Prenant acte de la diffusion d’une « écriture inclusive » qui prétend s’imposer comme norme, l’Académie française élève à l’unanimité une solennelle mise en garde. La multiplication des marques orthographiques et syntaxiques qu’elle induit aboutit à une langue désunie, disparate dans son expression, créant une confusion qui confine à l’illisibilité. On voit mal quel est l’objectif poursuivi et comment il pourrait surmonter les obstacles pratiques d’écriture, de lecture – visuelle ou à voix haute – et de prononciation. Cela alourdirait la tâche des pédagogues. Cela compliquerait plus encore celle des lecteurs.

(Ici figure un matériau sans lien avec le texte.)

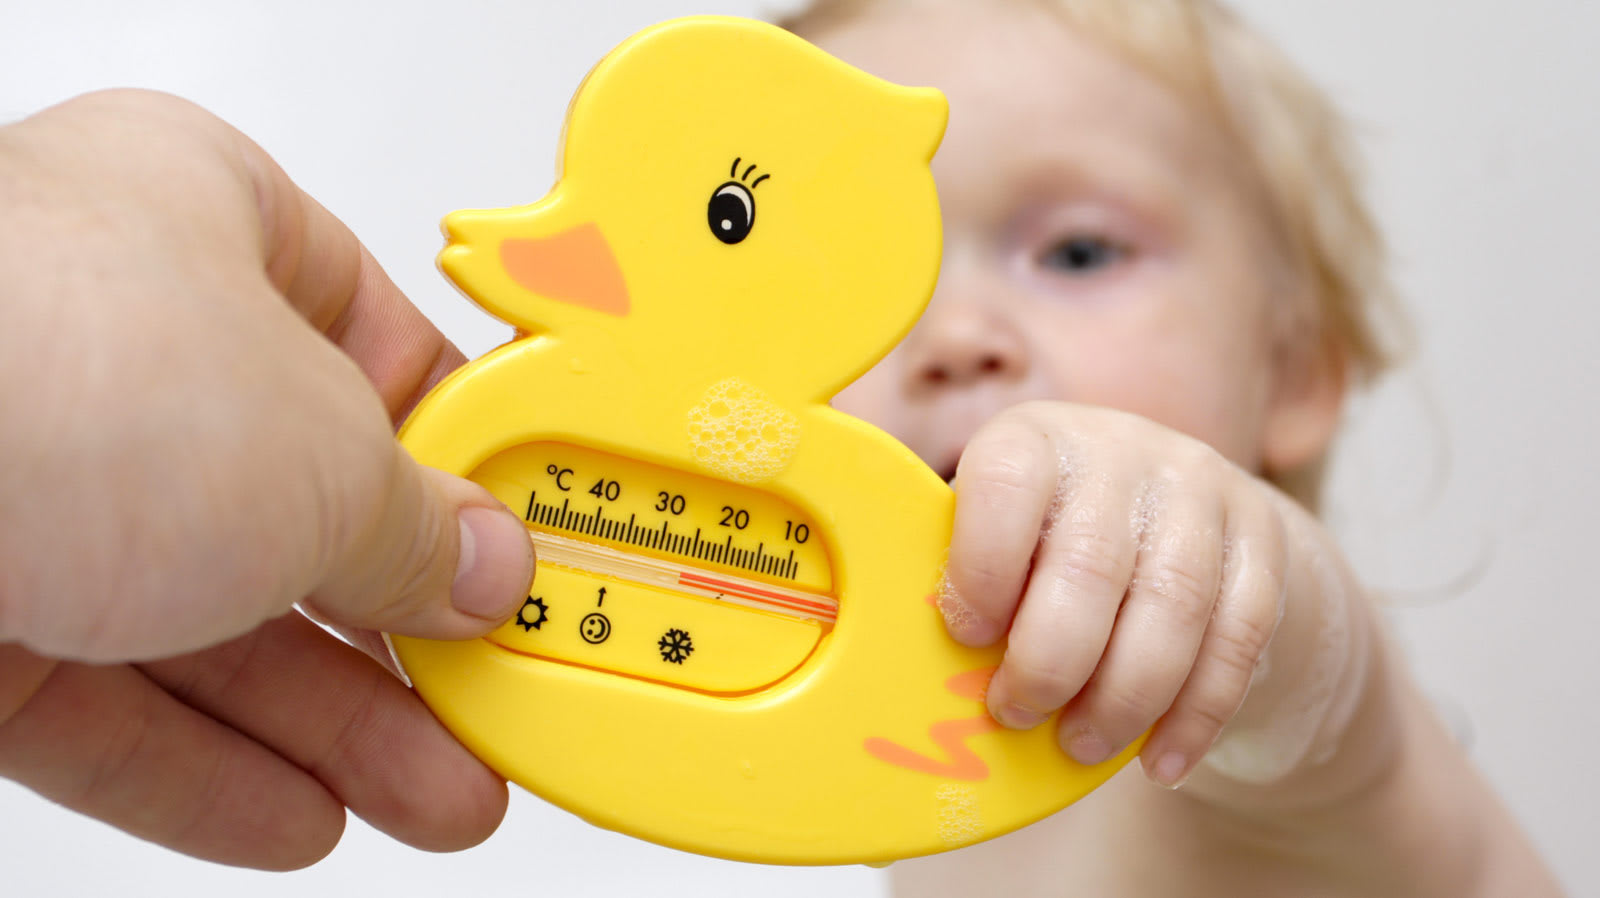 Criança segurando termómetro com formato de pato

Plus que toute autre institution, l’Académie française est sensible aux évolutions et aux innovations de la langue, puisqu’elle a pour mission de les codifier. En cette occasion, c’est moins en gardienne de la norme qu’en garante de l’avenir qu’elle lance un cri d’alarme : devant cette aberration « inclusive », la langue française se trouve désormais en péril mortel, ce dont notre nation est dès aujourd’hui comptable devant les générations futures.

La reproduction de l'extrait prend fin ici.